▶ [TASK REQUIREMENTS]:
Please report each line of the data below that contains "finding".

▶ [EXERCISE MATERIAL]:
↓↓↓
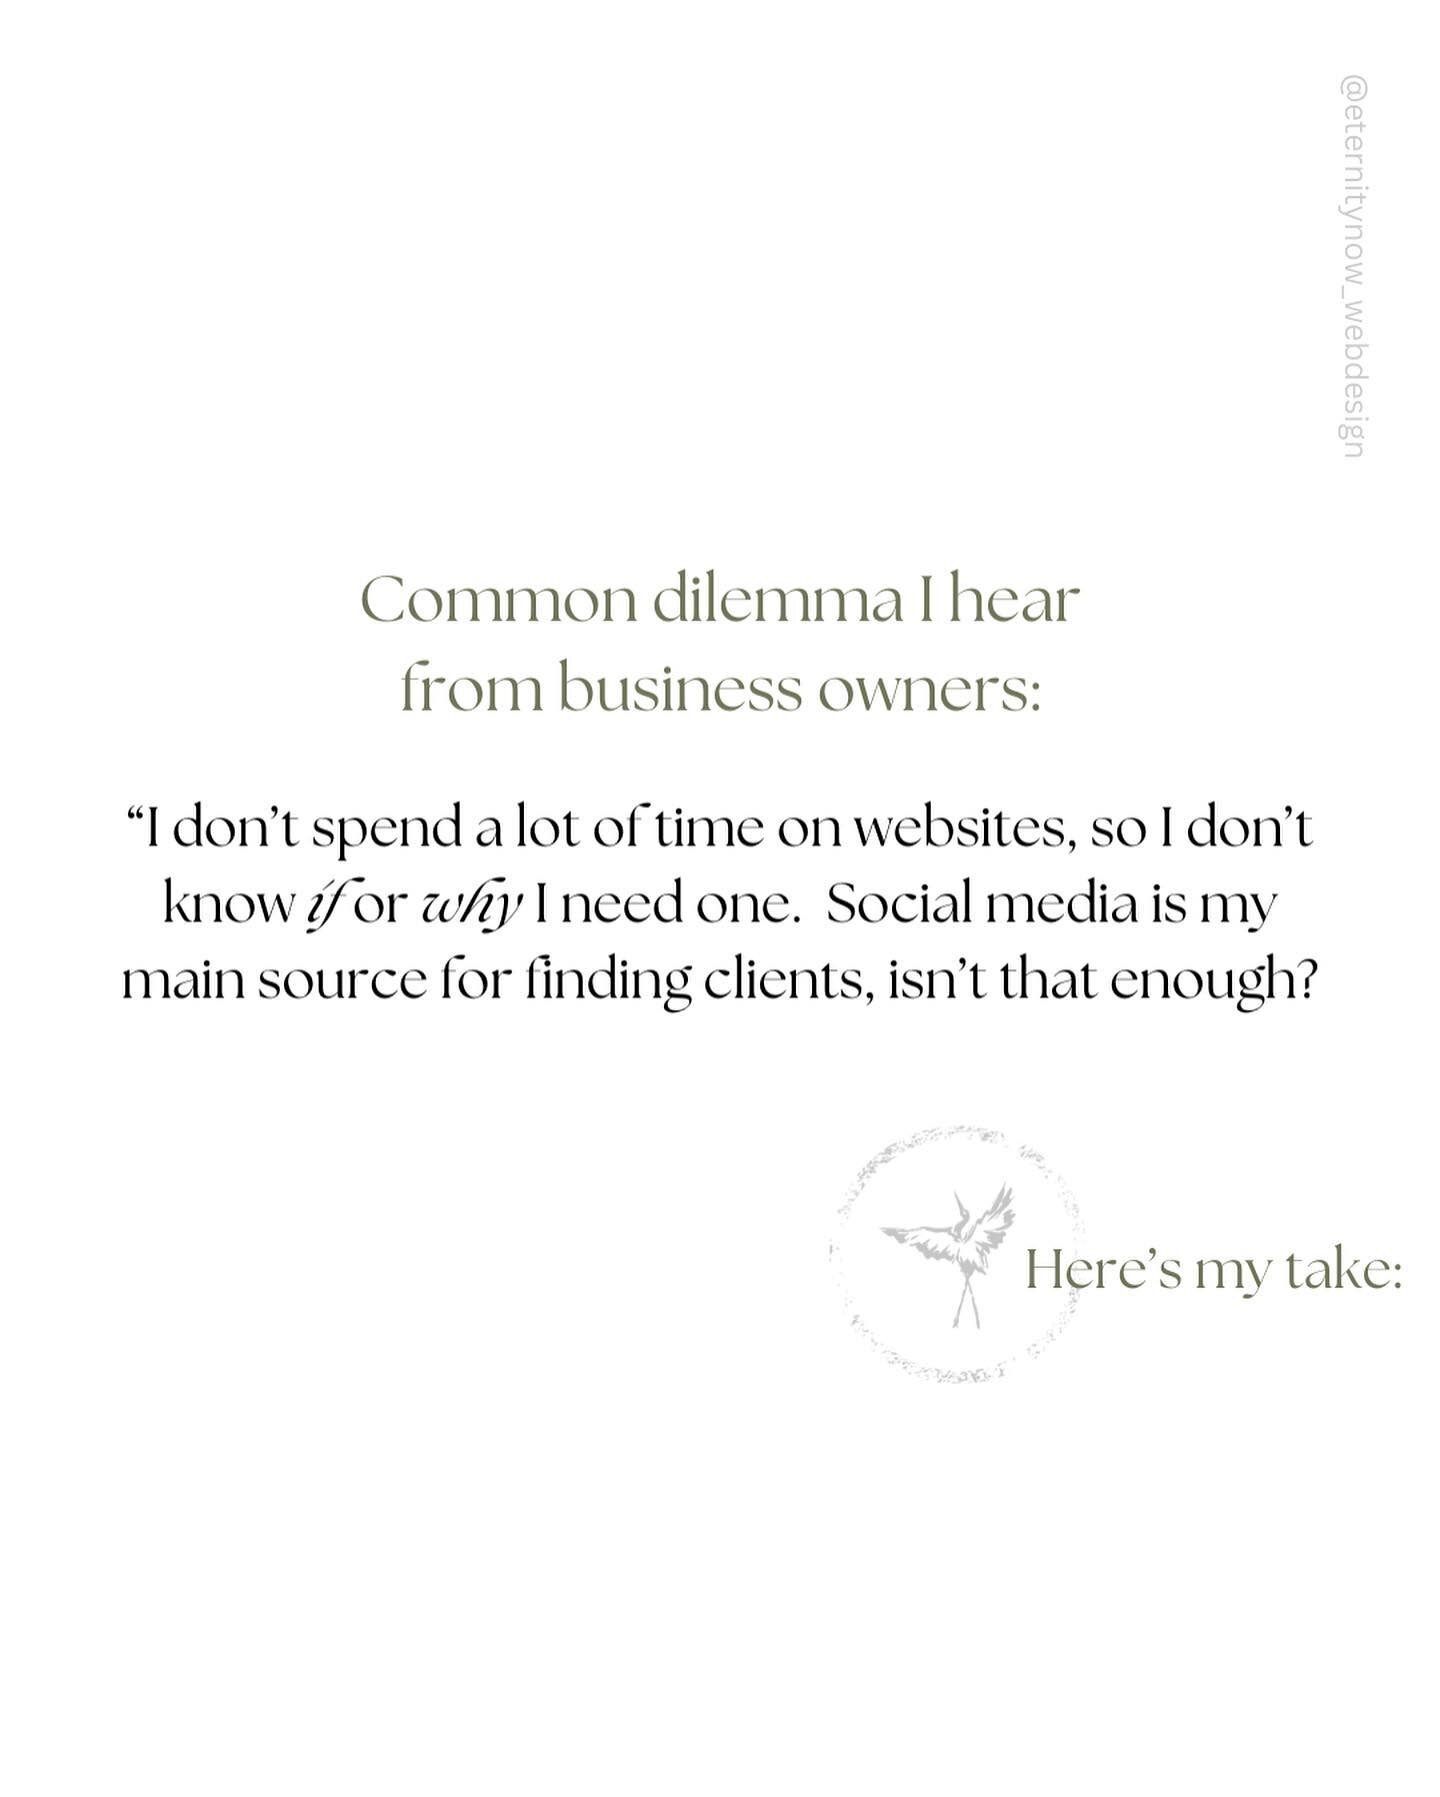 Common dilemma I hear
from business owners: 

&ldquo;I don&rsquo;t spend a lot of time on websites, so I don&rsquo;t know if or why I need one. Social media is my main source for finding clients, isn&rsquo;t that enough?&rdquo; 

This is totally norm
↑↑↑
↓↓↓
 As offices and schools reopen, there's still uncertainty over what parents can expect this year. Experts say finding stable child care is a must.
↑↑↑
↓↓↓
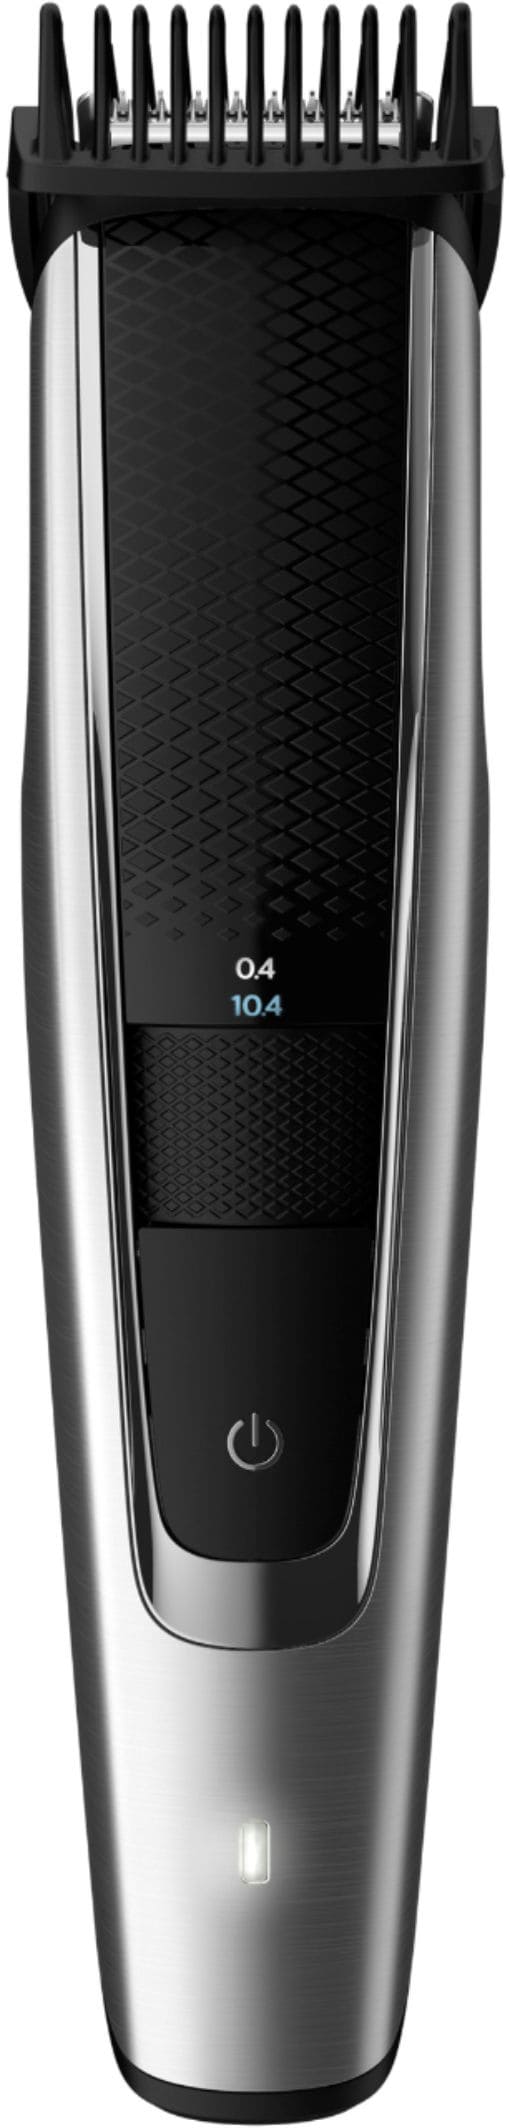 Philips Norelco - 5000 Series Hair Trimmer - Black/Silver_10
↑↑↑
▶ [RESULT OF THIS EXERCISE]:
&ldquo;I don&rsquo;t spend a lot of time on websites, so I don&rsquo;t know if or why I need one. Social media is my main source for finding clients, isn&rsquo;t that enough?&rdquo; 
 As offices and schools reopen, there's still uncertainty over what parents can expect this year. Experts say finding stable child care is a must.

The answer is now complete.